I got nothing done of course. Those tasks I promised myself to do, all fallen by the wayside. I would always do them ‘soon’. After ‘this’, or after ‘that’. And almost unnoticed, they were not done. And likely won’t be now. I still have more than a month to go before our short holiday. Choosing September as always, once the schools go back, and places are less crowded. A quiet seaside village in England, with no need to suffer the stress and fuss of airports, or that seasickness-inducing ferry journey.

2017 was my year to ‘be positive’. Six months gone, and I have managed it so far. Despite many things that I won’t go into here causing enough stress to overturn my determination, I made myself look at the positive side always, even when it seemed impossible to do. Staying positive, for the rest of 2017.
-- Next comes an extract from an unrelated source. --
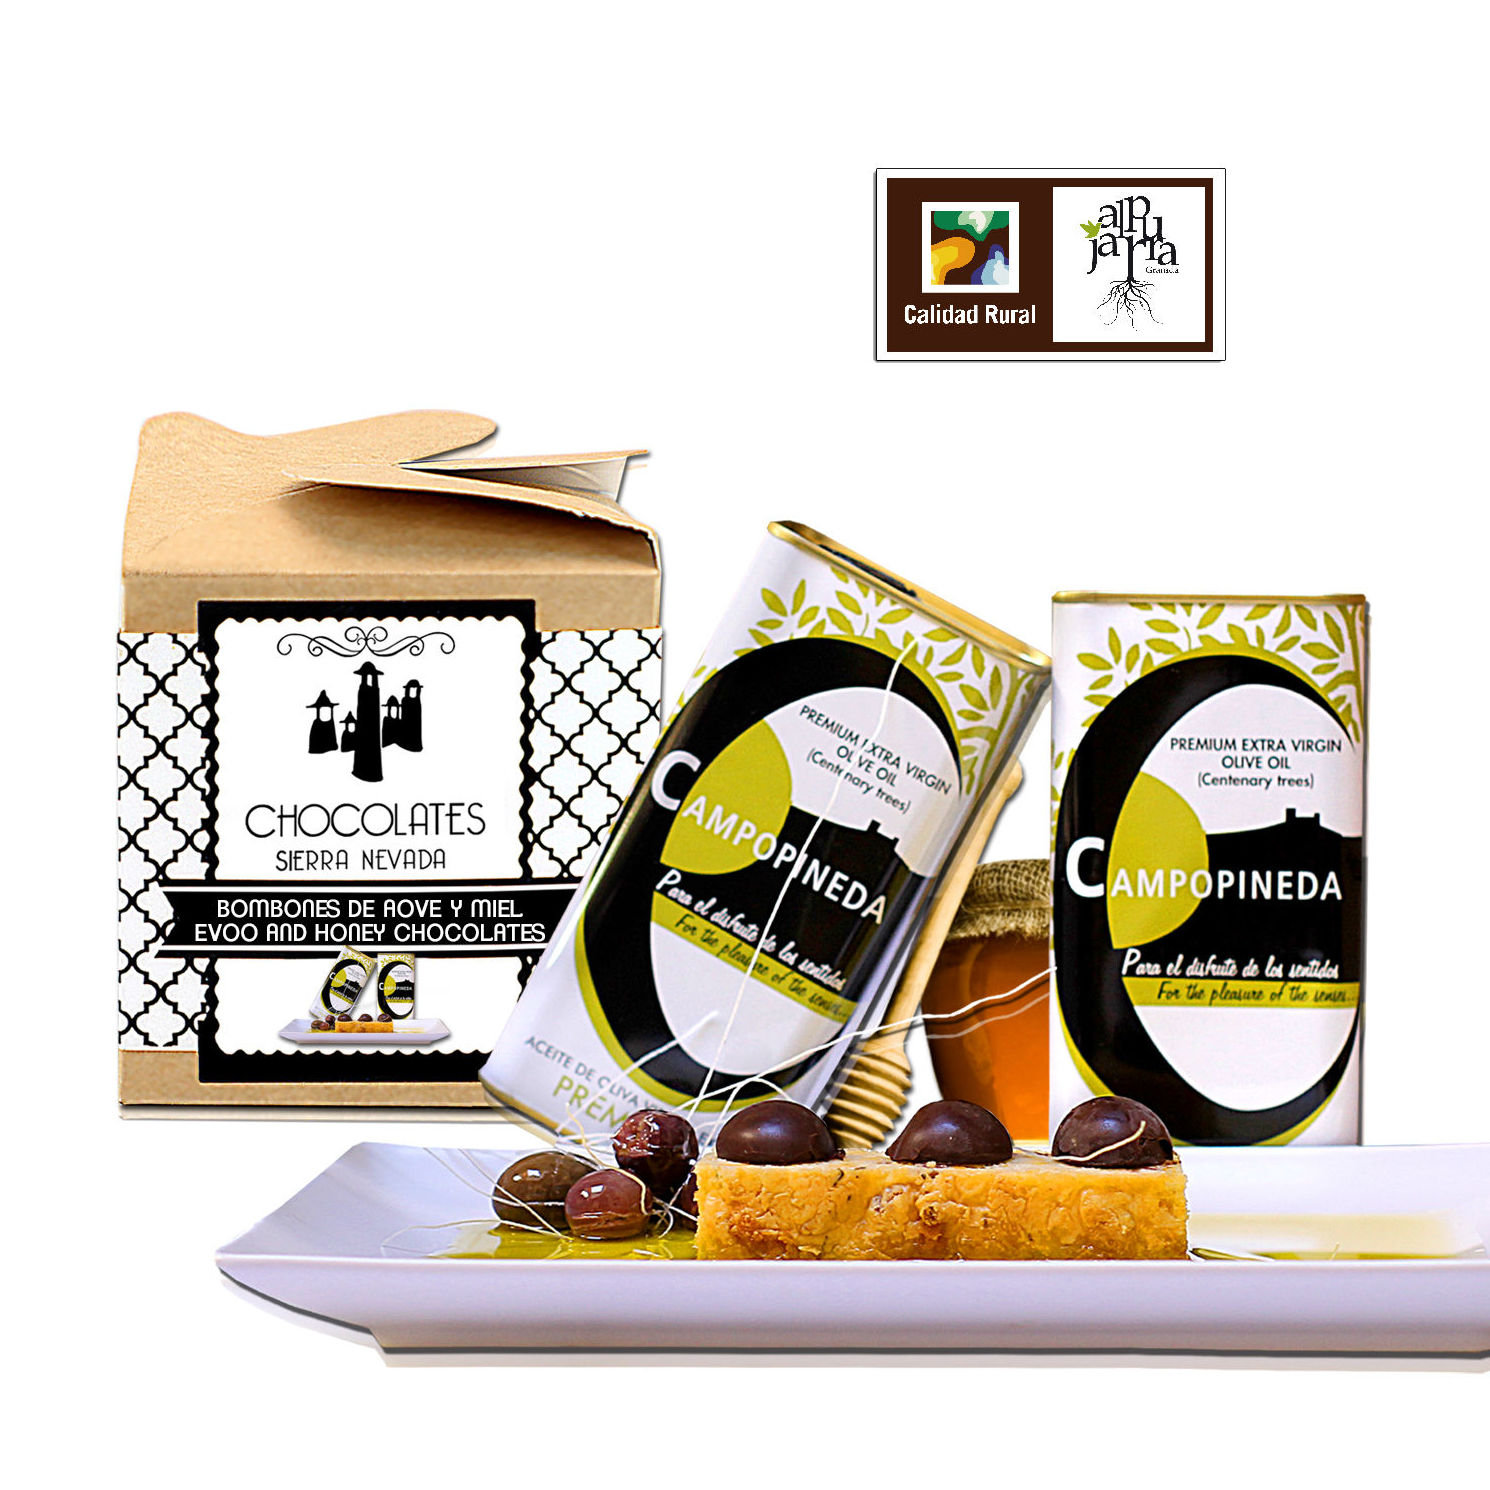 Bombones con aceite de oliva y miel: Nuestros productos de Chocolates Sierra Nevada }}

The blog has been huge this year, by my standards. The A-Z challenges were so well received, with views and comments far more than I ever anticipated. Something to definitely be positive about. Despite feeling drained by weeks of the ‘winter virus’, that I renamed ‘the permanent virus’, I didn’t suffer anything drastic. Ollie recovered from his ear infection and tooth extraction, and continues his happy obsessive-compulsive life the same as before.

I get older, more reflective, even more nostalgic. But I have settled into life here, at long last. Though the years pass far too rapidly, they are peaceful years, and a suitable contrast to the sixty hectic years that preceded them. If I can manage to stay positive for the next six months, maybe 2018 will just be positive, without having to think about it any longer.